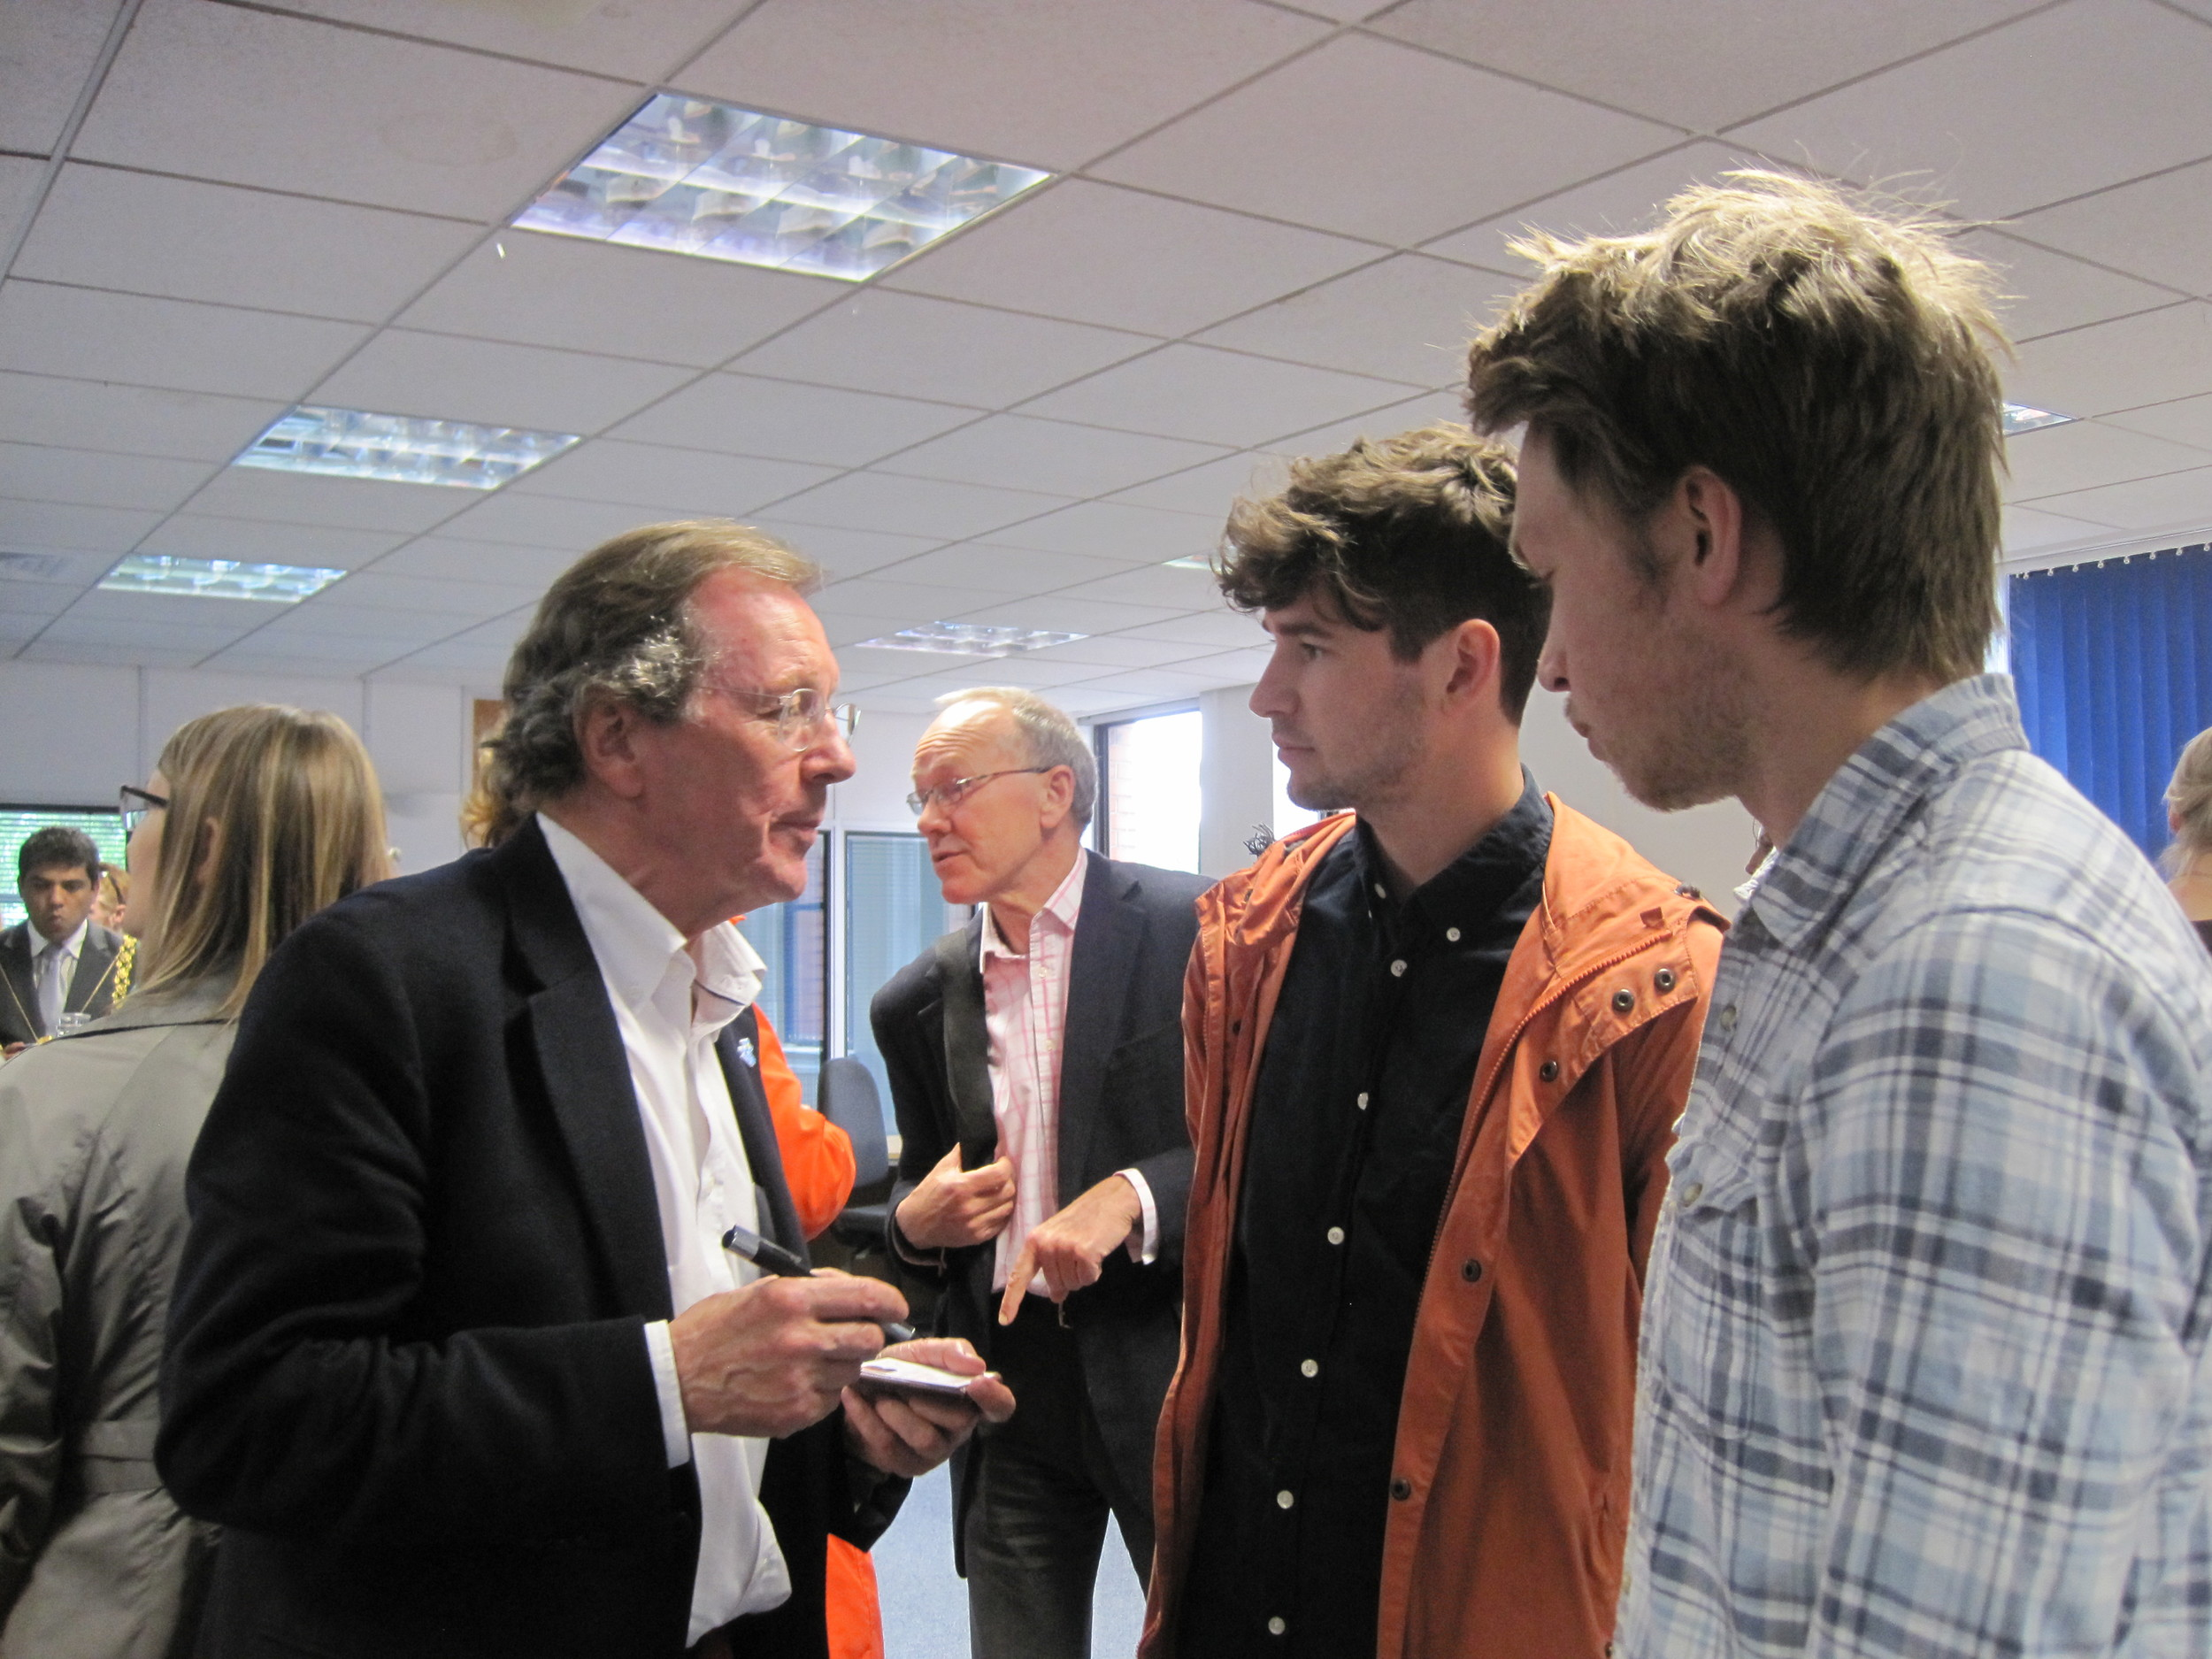 Joe and Adam interview the mayor
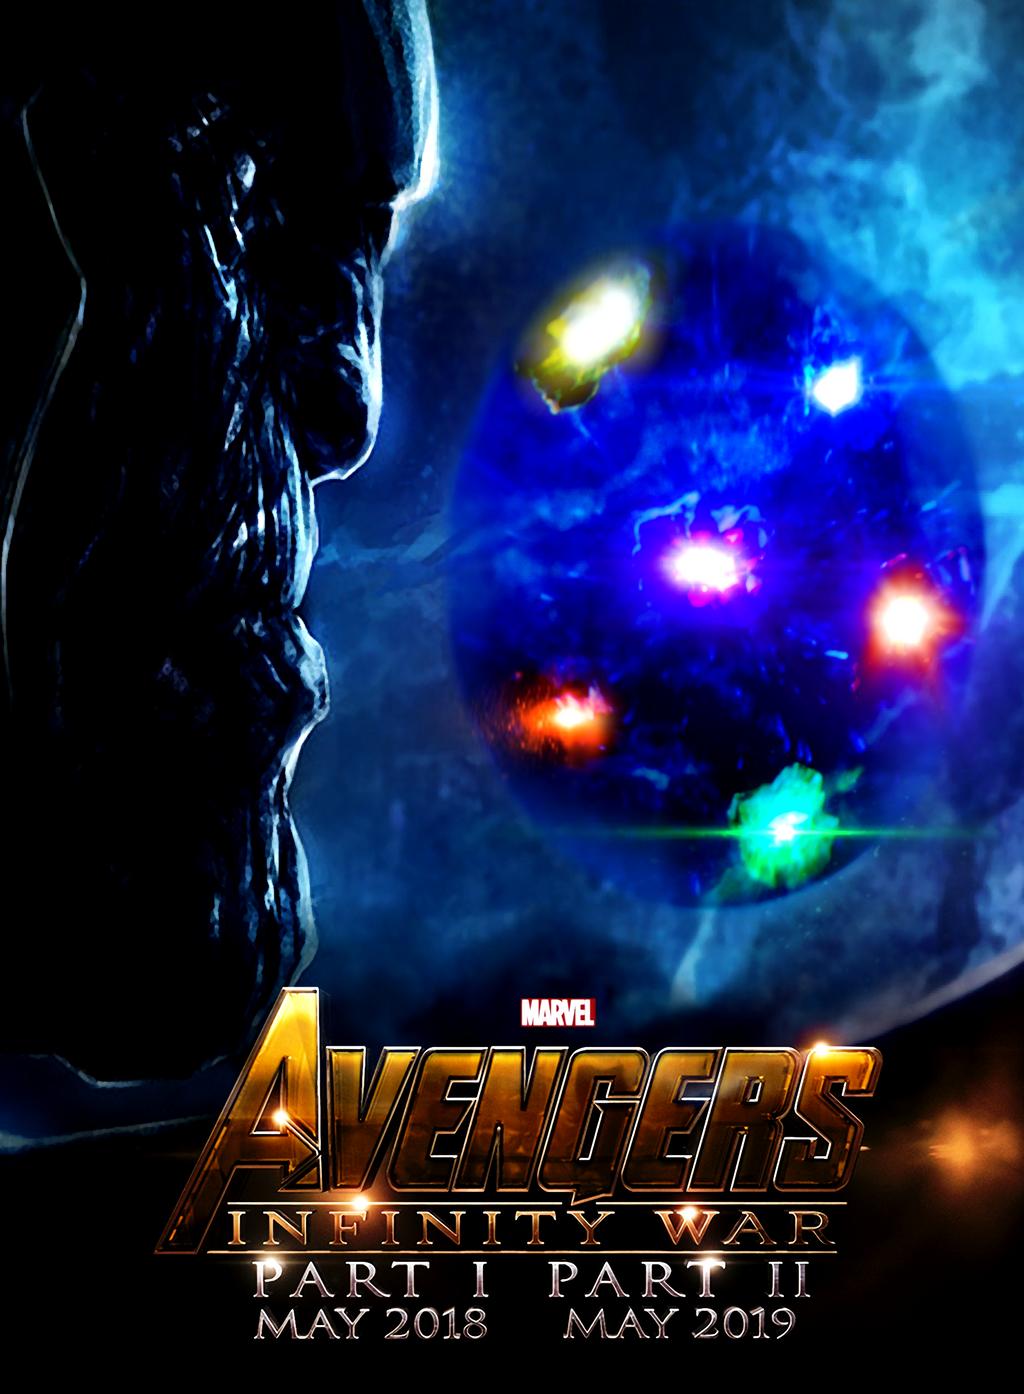 3 part poster design -  Avengers 3 Infinity War Part 1 Part 2 Poster By Urufubdxxx
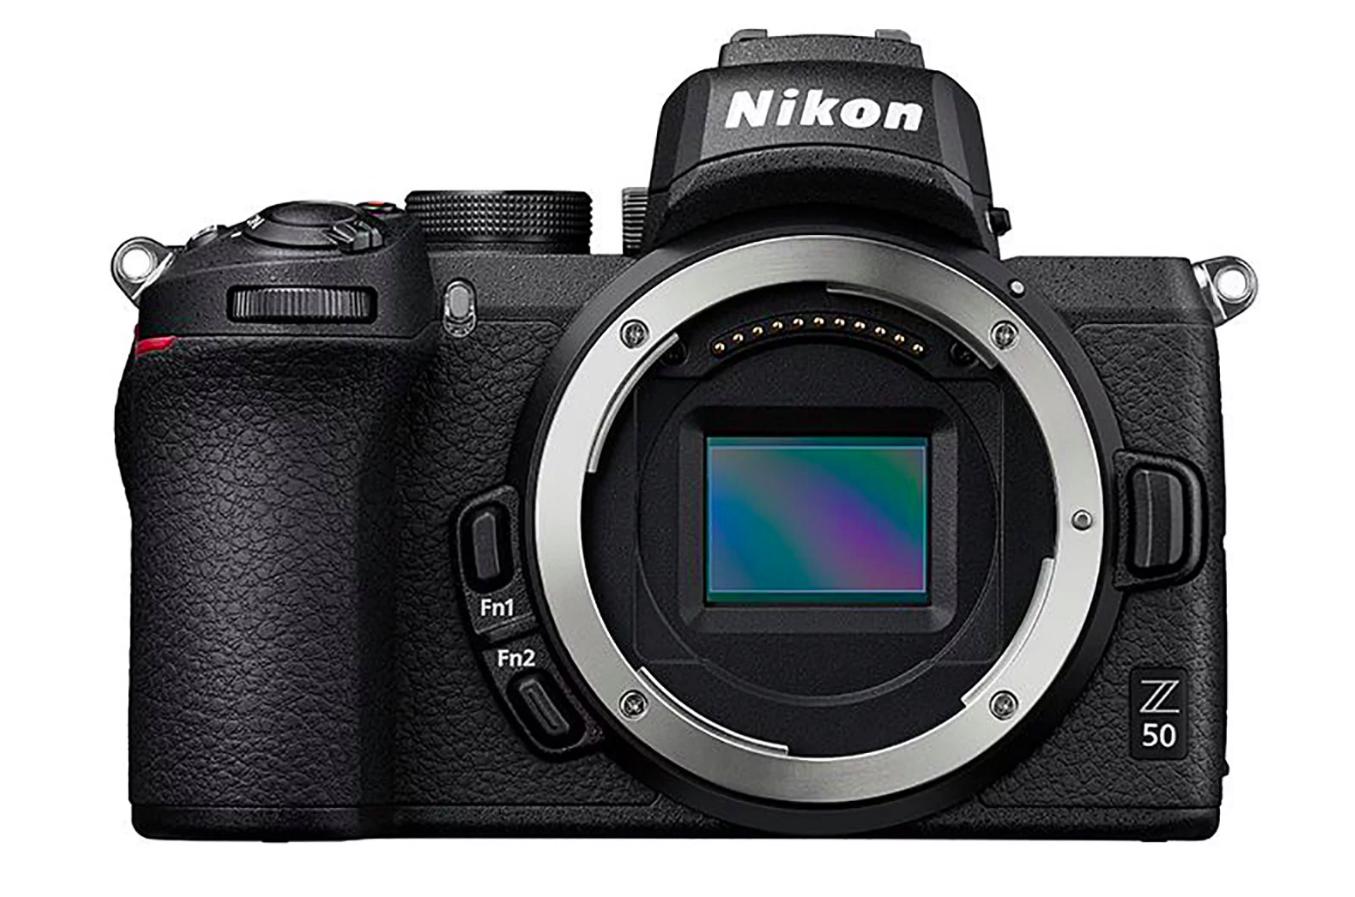 Nikonu Z50

────────────────────

AIM OF THE TASK: From the first line to the last, write out the data exactly, omitting any pictures.

RESPONSE FOR THIS EXERCISE:
 Joe and Adam interview the mayor
 3 part poster design -  Avengers 3 Infinity War Part 1 Part 2 Poster By Urufubdxxx
 Nikonu Z50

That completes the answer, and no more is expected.